Best Note-Taking Methods for Law School

8 min read · April 2026

Why Note-Taking Method Matters

Law school classes move fast. Your professor is asking Socratic questions, students are responding, and the discussion can pivot from rule statements to policy arguments to hypotheticals in seconds. If your note-taking method can't keep up, you'll leave class with an incomplete record of the day's learning. The right method captures what you need without pulling your attention away from the discussion.

Method 1: The Two-Column Case Method

Draw a vertical line down the page. Left column: Pre-class case brief (prepared before class). Right column: In-class additions — what the professor emphasizes, hypotheticals, policy points, and clarifications.
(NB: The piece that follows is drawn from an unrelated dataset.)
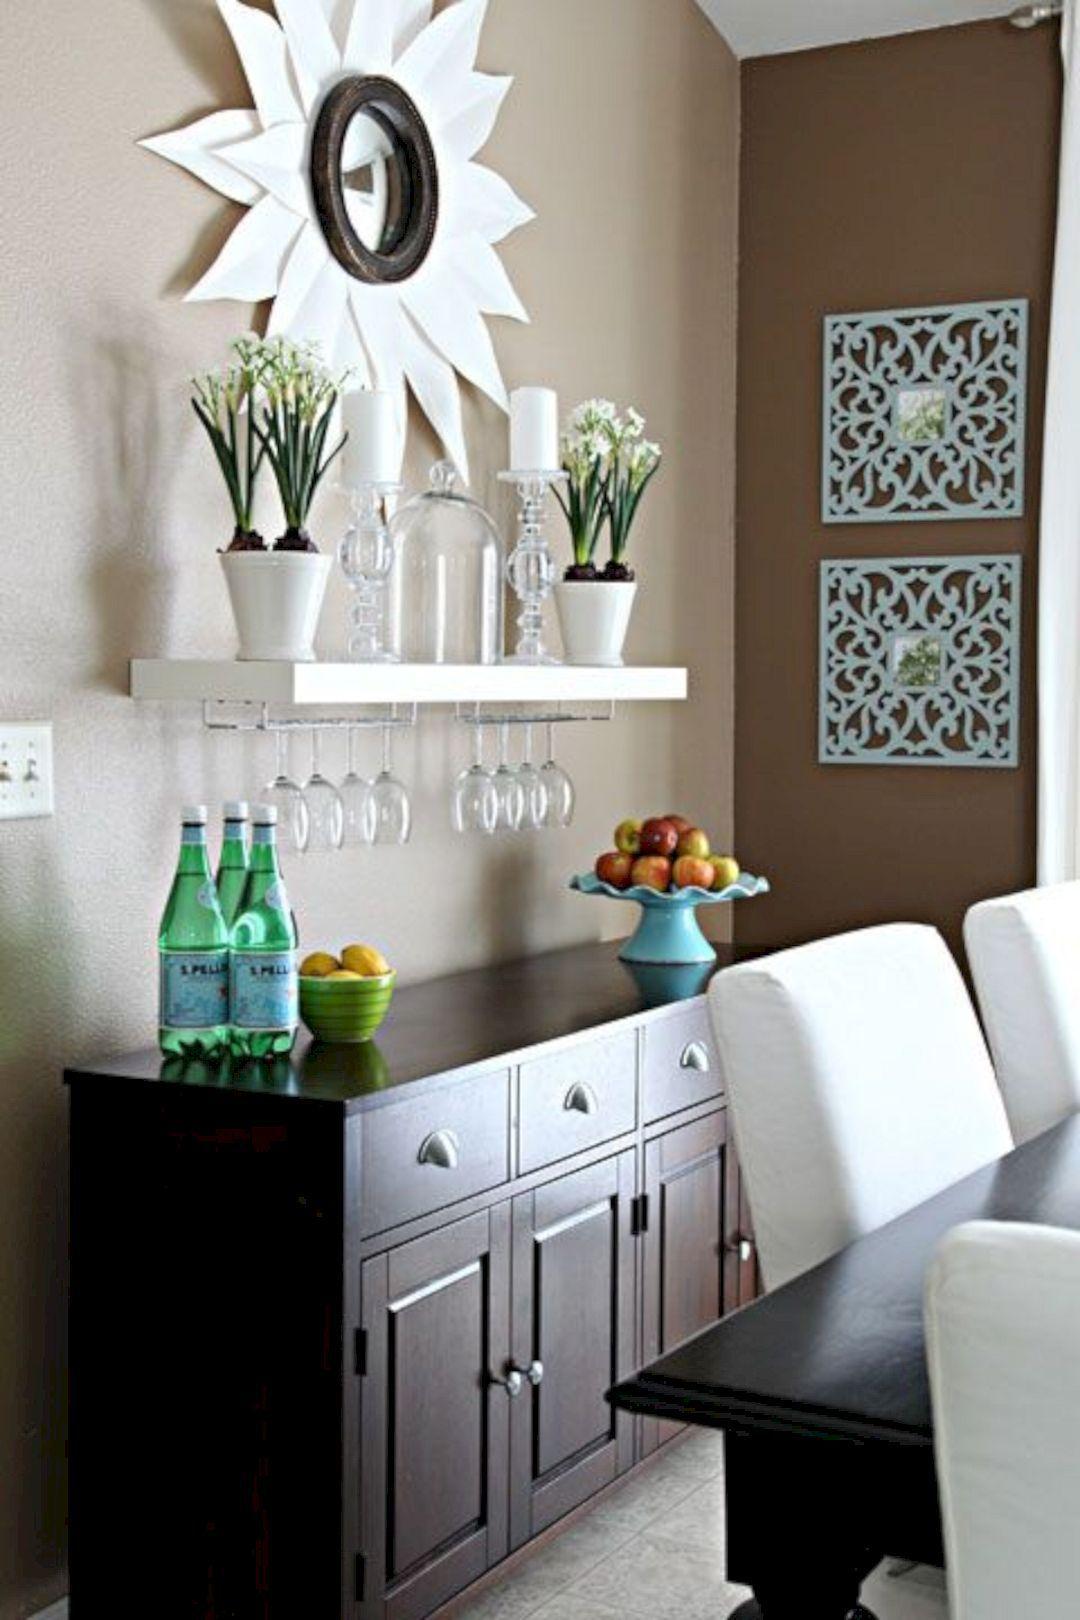 5 Best Dining Room Decorating Ideas Dining Room Buffet Dining Room Bar Dining Room Walls

Best for: Students who brief cases before class (which should be everyone). This method connects your preparation to the class discussion, showing what the professor thinks matters most about each case.

Method 2: Cornell Notes

Divide each page into three sections: a narrow left column (cues/questions), a wide right column (notes), and a bottom section (summary).
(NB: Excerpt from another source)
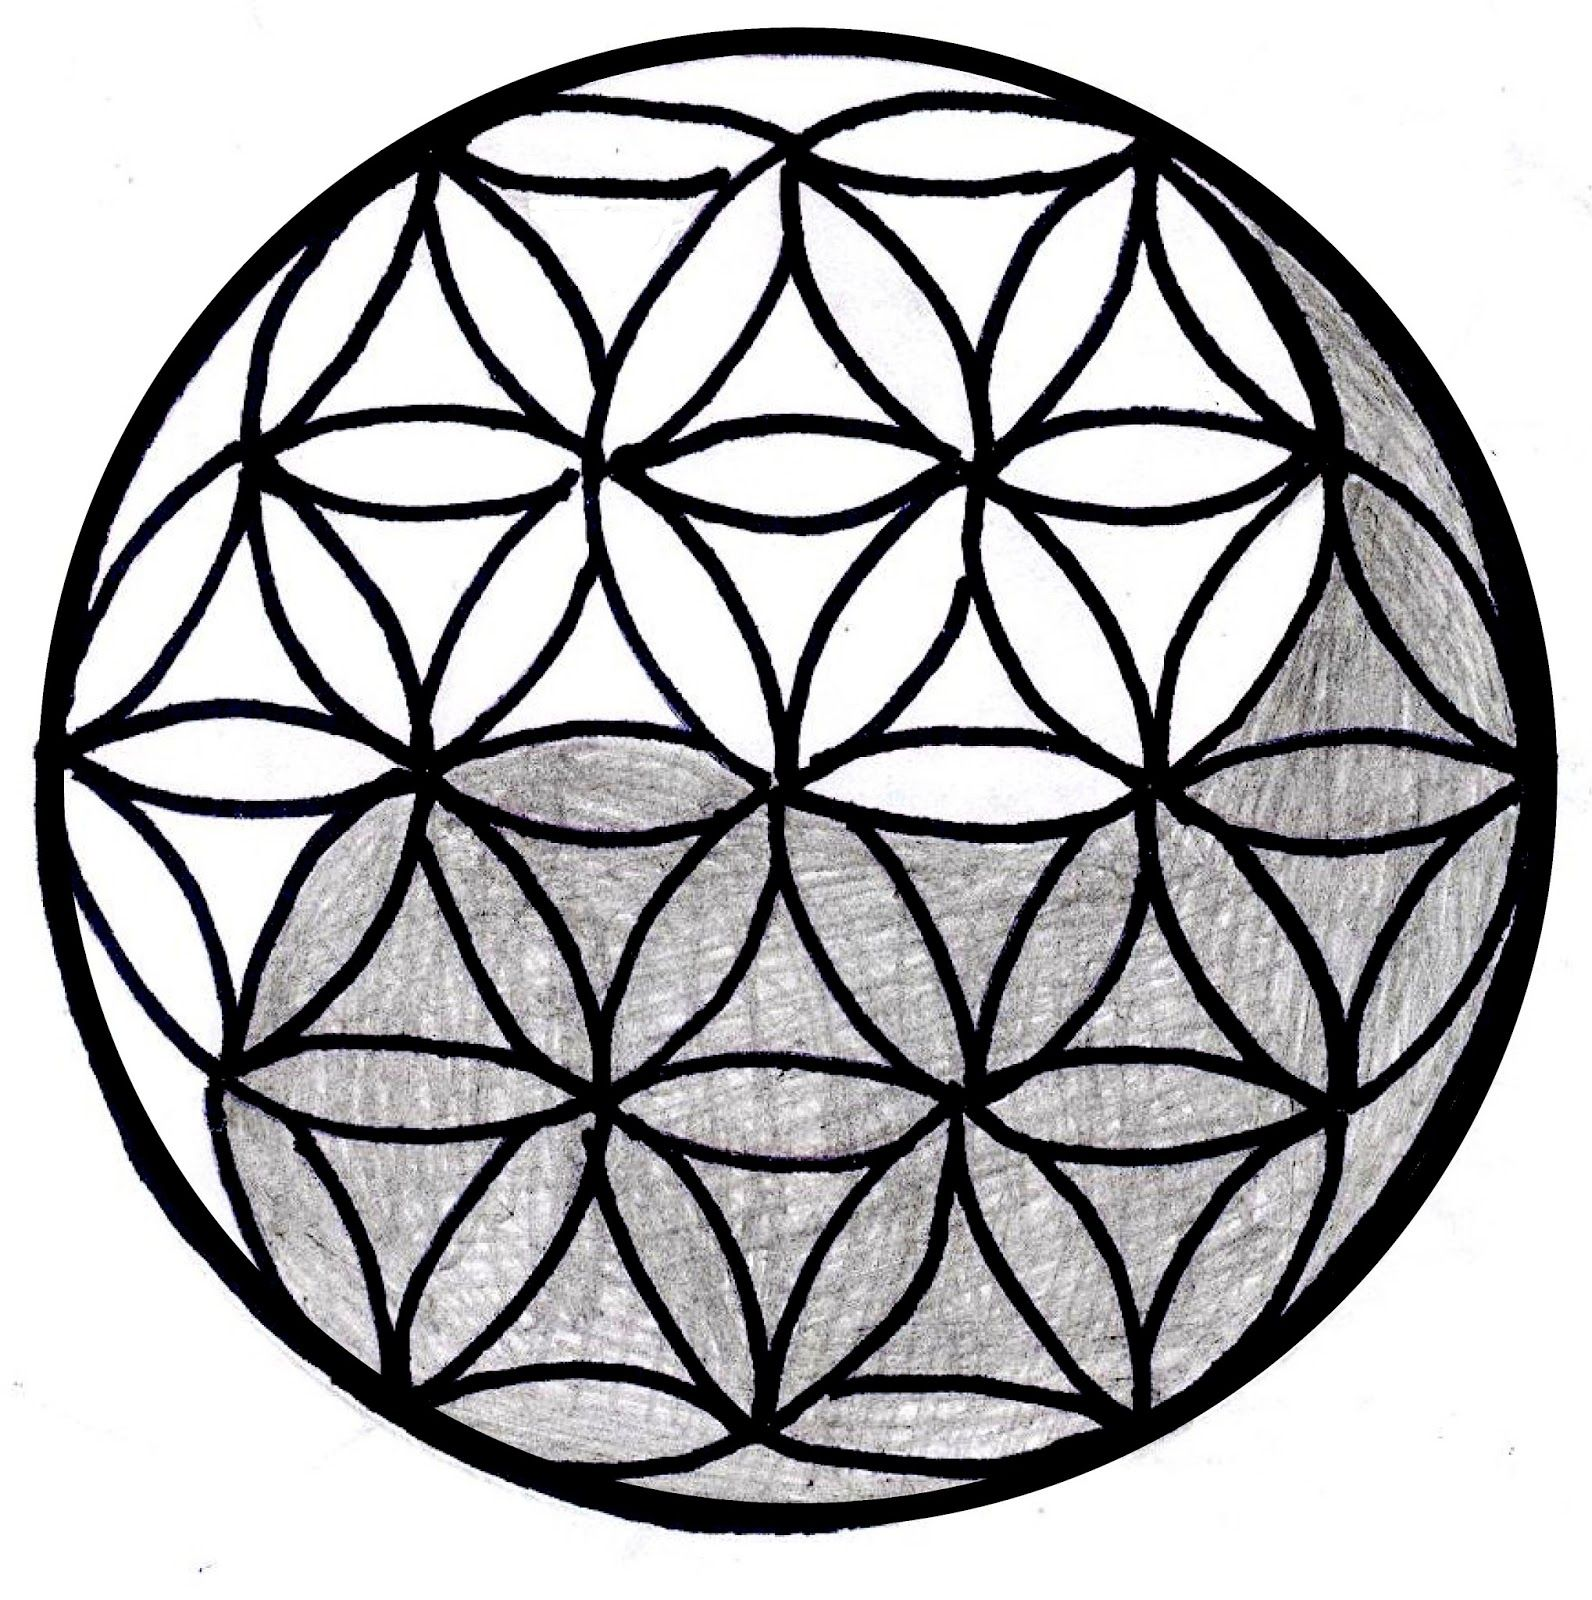 masonic art deciphered page 1 sacred geometry pinterest rh pinterest com Flower of Life Meaning Yin and Yang Wolf

During class: Write notes in the right column.
After class: Add key terms and questions in the left column. Write a 2-3 sentence summary at the bottom.

Best for: Students who want a built-in review system. The after-class processing step reinforces learning.

Method 3: Real-Time Outlining

Take notes directly in outline format, organized by topic and sub-topic. As the professor discusses consideration in Contracts, your notes go under “II. Consideration > A. Bargained-for Exchange.”

Best for: Students who want to reduce end-of-semester outlining work. Your class notes gradually become your outline. Requires more organizational thinking during class.

Laptop vs. Handwriting

Laptop: Faster, more organized, searchable. But temptation to transcribe verbatim (which reduces learning) and internet distraction are real risks.

Handwriting: Slower, but research shows it forces you to process and summarize, which improves retention. Less organized and not searchable.

Recommendation: Laptop with an app that blocks distracting sites during class. Type selectively — capture the key points, not every word. If you find yourself transcribing, switch to handwriting.

The Post-Class Review (Non-Negotiable)

Whatever method you use, review your notes within 24 hours. This is the single most impactful study habit you can develop. During review: fill in gaps, clarify confusing points, highlight key rules, and connect the day's material to your evolving outline. This 15-20 minute investment dramatically improves long-term retention compared to reviewing notes for the first time during exam prep.

Frequently Asked Questions

Should I record lectures?

Check your school's policy first — some professors prohibit recording. If allowed, recordings are useful as backup but shouldn't replace active note-taking. Don't plan to “relisten later” — you rarely will.

What app should I use for law school notes?

Microsoft OneNote and Notion are popular for organizational flexibility. Some students prefer simple Word documents organized by date. The tool matters less than the method — pick something you'll actually use consistently.